Transcribe only what runs from the line containing "Create a Model" through the end of the listing, line for line and exactly, and omit the pictures.

*RECORDED INFORMATION*:
---*---

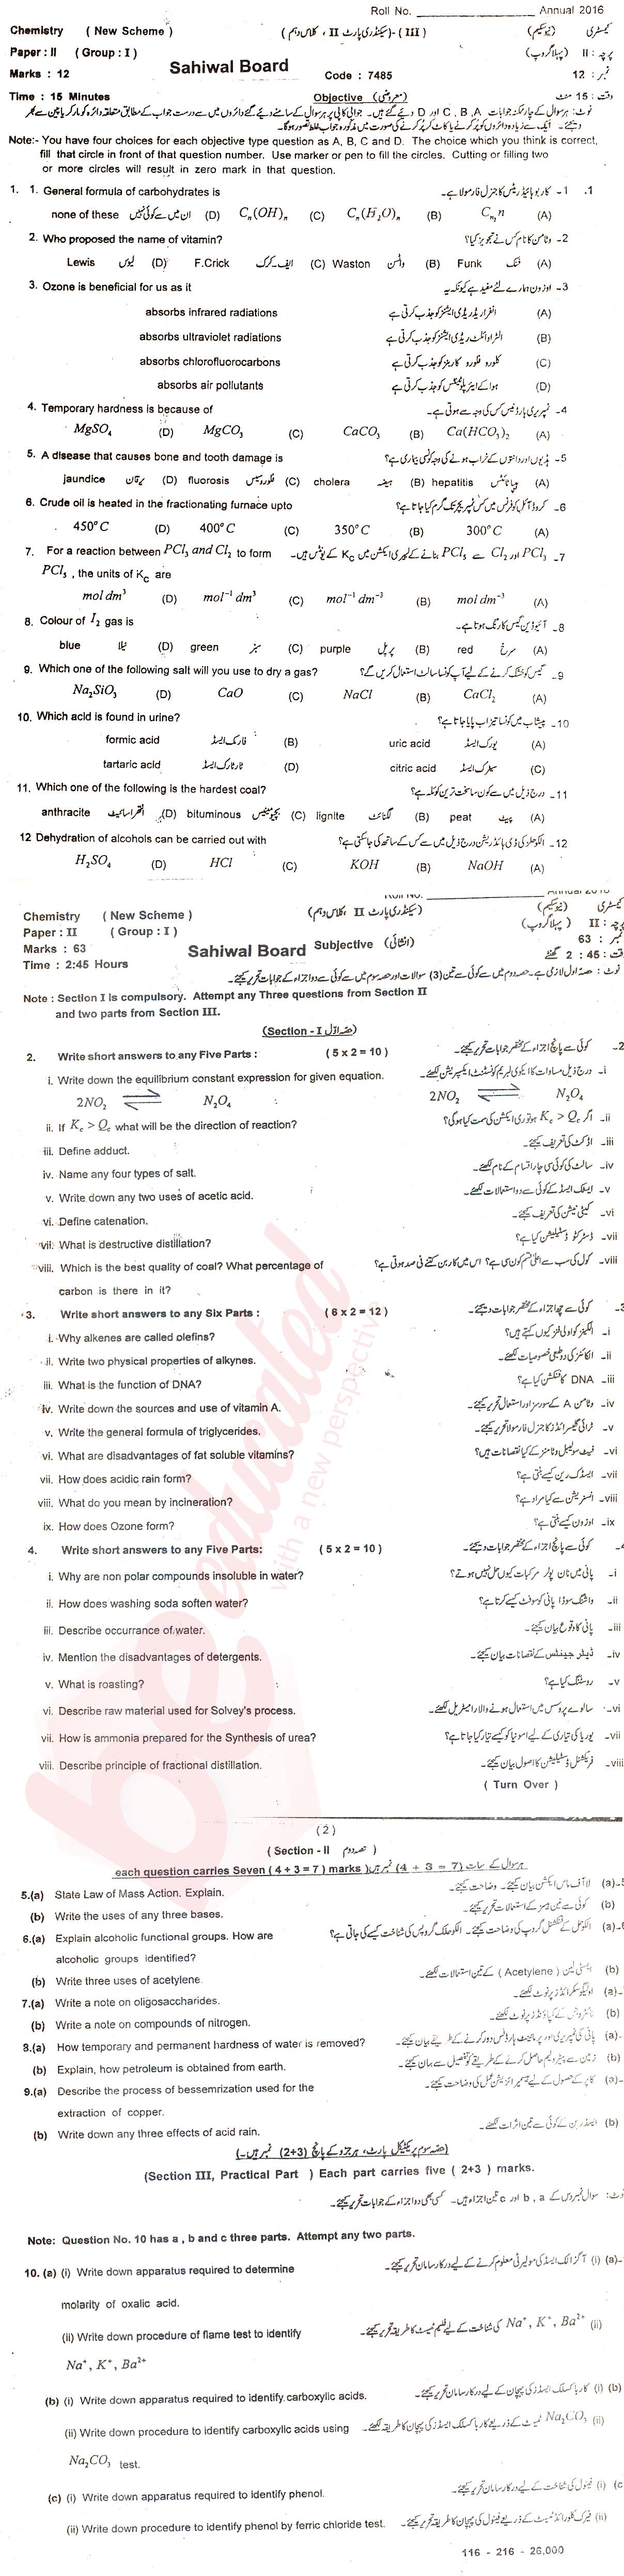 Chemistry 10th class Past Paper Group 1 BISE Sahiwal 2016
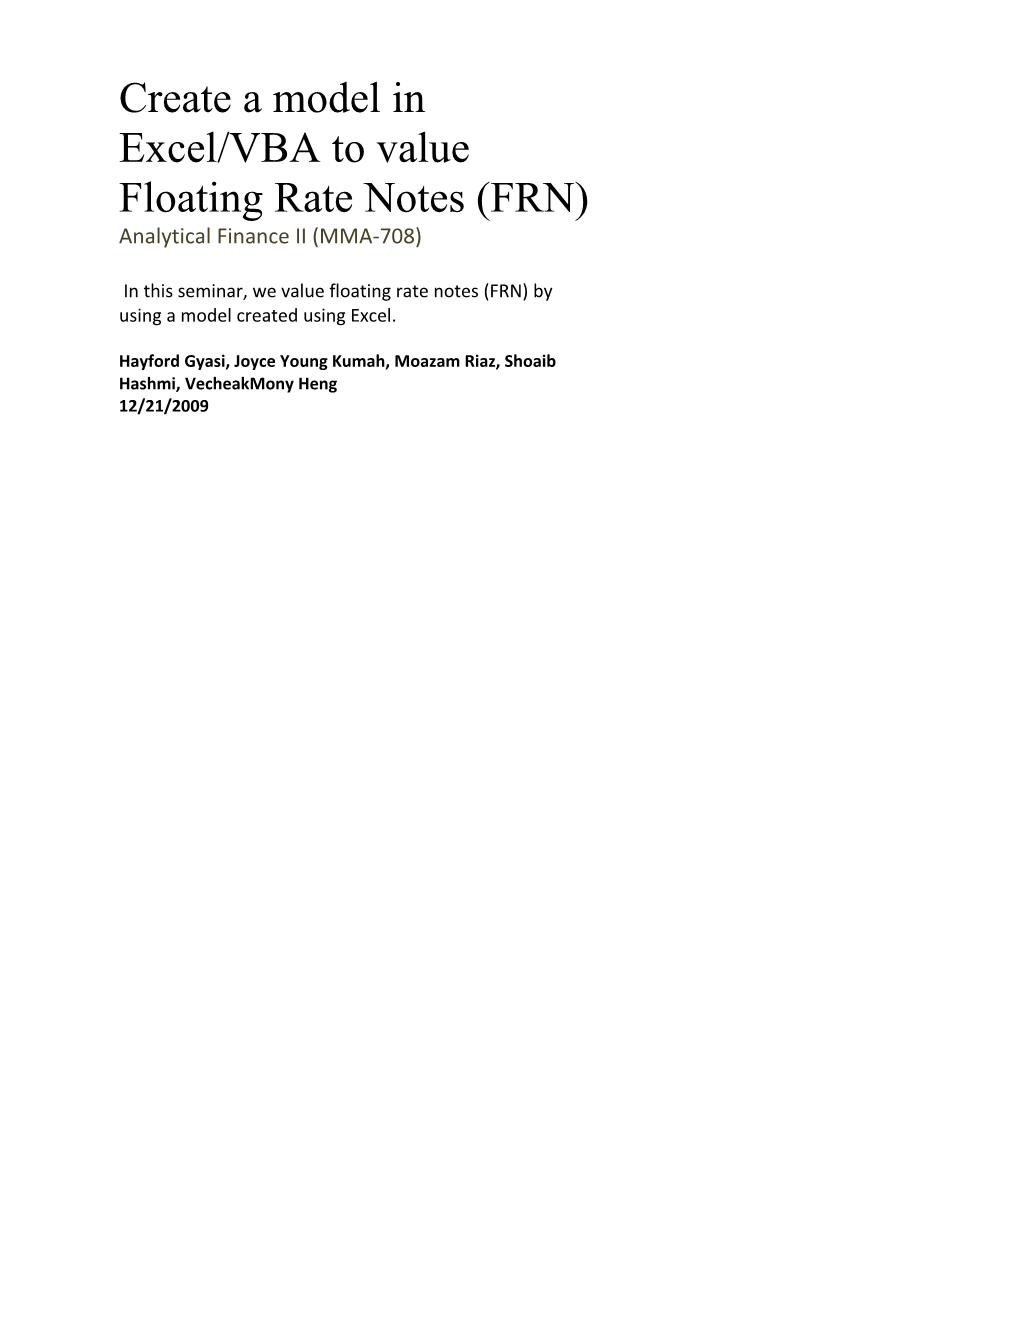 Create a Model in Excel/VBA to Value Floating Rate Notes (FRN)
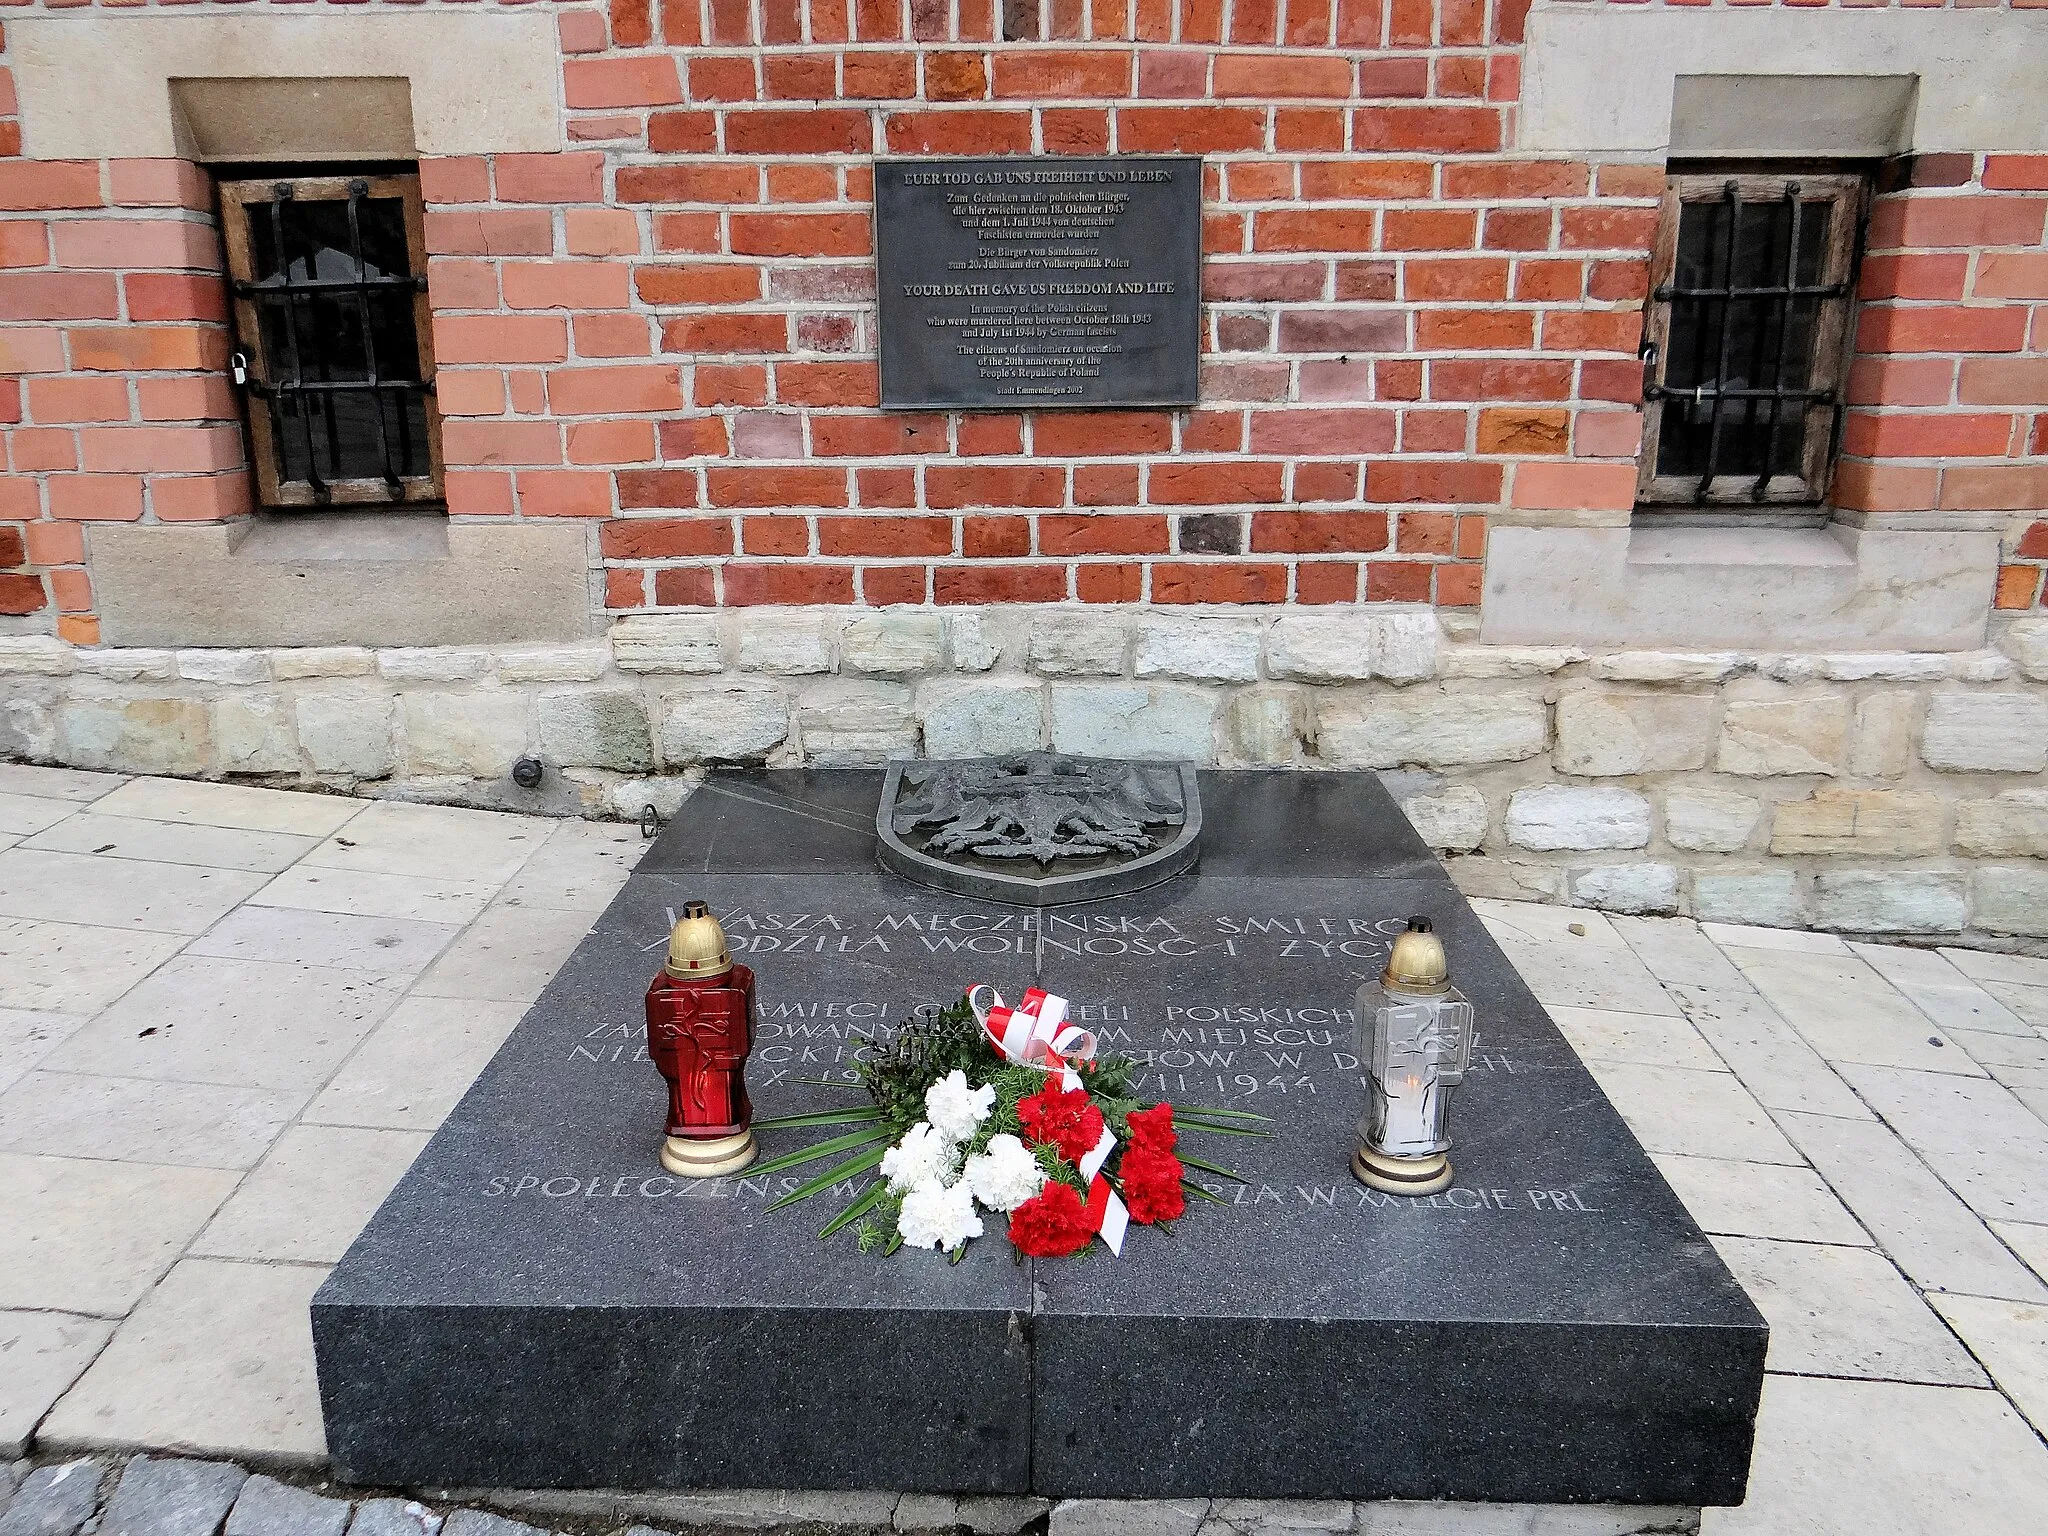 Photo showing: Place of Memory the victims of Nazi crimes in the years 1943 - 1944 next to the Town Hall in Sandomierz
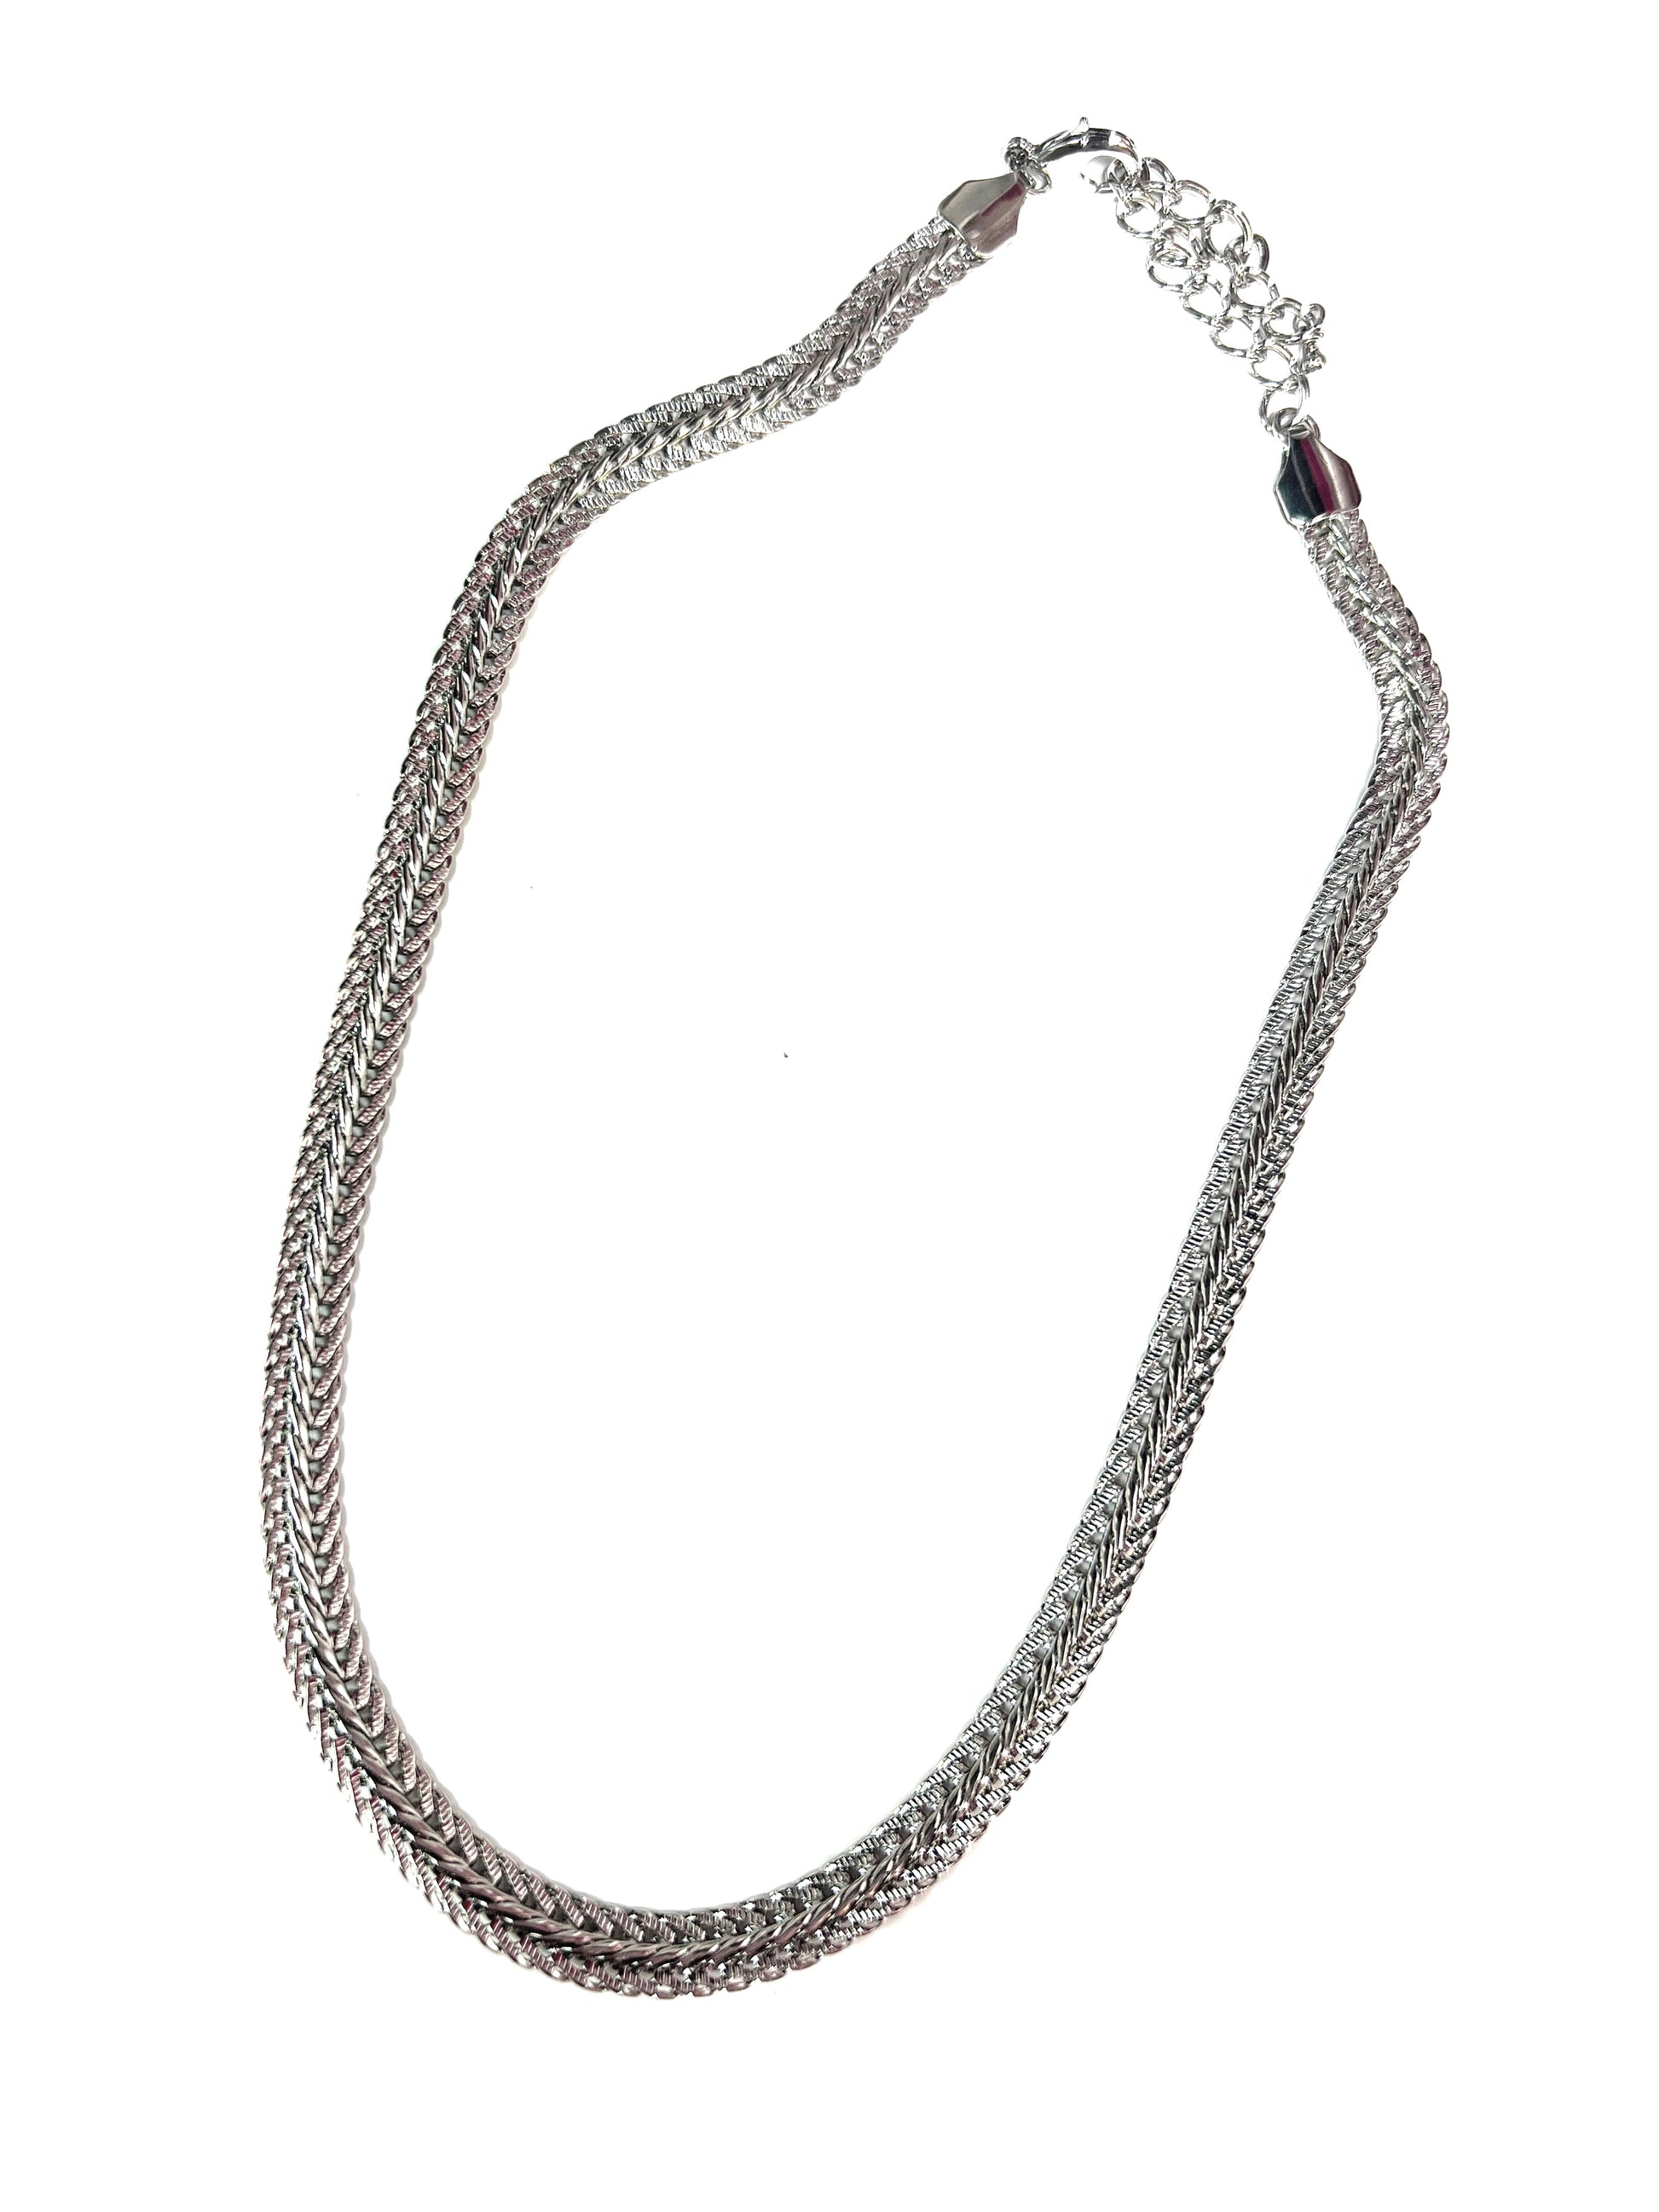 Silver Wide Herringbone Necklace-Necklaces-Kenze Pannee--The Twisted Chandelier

---*---

*RESPONSE TO THIS EXERCISE*:
 Create a Model in Excel/VBA to Value Floating Rate Notes (FRN)
 Photo showing: Place of Memory the victims of Nazi crimes in the years 1943 - 1944 next to the Town Hall in Sandomierz
 Silver Wide Herringbone Necklace-Necklaces-Kenze Pannee--The Twisted Chandelier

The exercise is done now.